* **Excerpted records**
^^^^

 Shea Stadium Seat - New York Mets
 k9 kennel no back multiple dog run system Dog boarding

^^^^

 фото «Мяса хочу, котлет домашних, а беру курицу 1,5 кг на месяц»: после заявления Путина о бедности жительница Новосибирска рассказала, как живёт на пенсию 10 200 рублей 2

^^^^

* **Task item**
Set down precisely the lines above between the line holding "Shea Stadium Seat - New York Mets" and the line holding "k9 kennel no", inclusive, and nothing beyond them.

* **Result of the exercise**
 Shea Stadium Seat - New York Mets
 k9 kennel no back multiple dog run system Dog boarding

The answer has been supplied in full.